Announcing our Series B

Today, we're announcing a $60 million Series B led by Battery Ventures, with participation from Peak XV, Sound Ventures, and Y Combinator. It brings our total funding to $85 million in just under a year. We weren't planning to raise until the fall. The round came together in six days.

It's especially meaningful to have support from people who have built some of the most important technology companies of the last two decades, including Shopify CEO Tobi Lütke, former Stripe COO Claire Hughes Johnson, Dropbox co-founders Drew Houston and Arash Ferdowsi, former Coinbase CTO Balaji Srinivasan, former Eventbrite founder and CEO Kevin Hartz, former Cruise founder and CEO Kyle Vogt, and Replit founder Amjad Masad.

We're grateful for their support, but the financing isn't the story.
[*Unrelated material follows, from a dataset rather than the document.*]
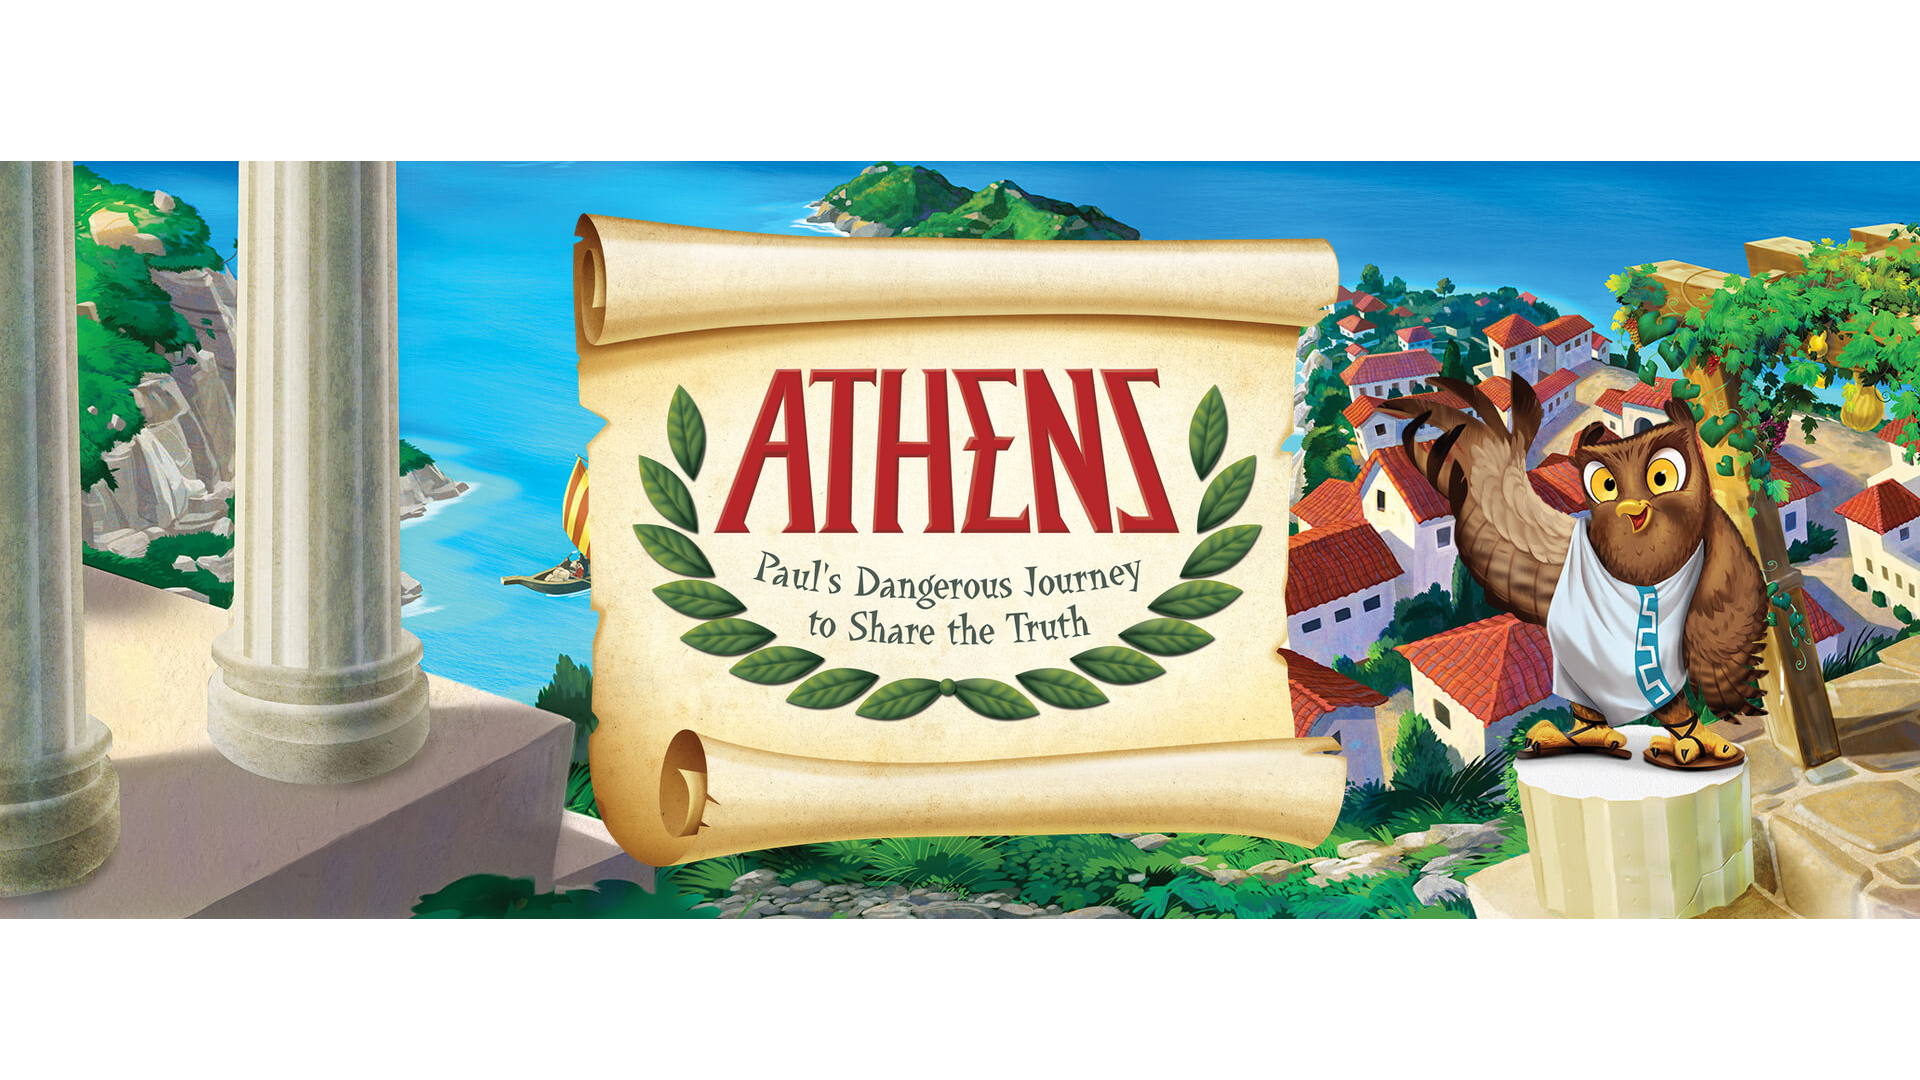 athens-header-bg2.jpg

It's a story about one of the largest categories in enterprise software, and the last one still waiting to be rebuilt around AI.

Nearly every company in the world relies on software to manage payroll, benefits, compliance, onboarding, employee data, and workforce operations. Human Capital Management is a massive market. Yet despite its importance, much of the category is still built around assumptions that predate AI by decades.

We think that is about to change.

The Last Great Enterprise Software Category

Over the last few years, nearly every major category of enterprise software has attracted a wave of AI-native challengers. CRM has dozens of companies trying to reinvent Salesforce. ERP is seeing attacks on Oracle, SAP, and NetSuite. IT Service Management has an entire generation of startups going after ServiceNow.

Employee management (also known as HCM) is the exception. It is the last frontier, and we believe the most important one.

The category remains dominated by systems built long before AI existed. For decades, Workday represented the gold standard for enterprise employee management, giving large organizations capabilities that smaller companies simply couldn't access. Those capabilities often came with long implementations, specialized administrators, and significant operational overhead.

This led to a tradeoff: smaller companies can access simpler tools with more limited capabilities, while larger companies get powerful systems that are notoriously difficult to operate. As companies grow, they often find themselves choosing between capability and usability.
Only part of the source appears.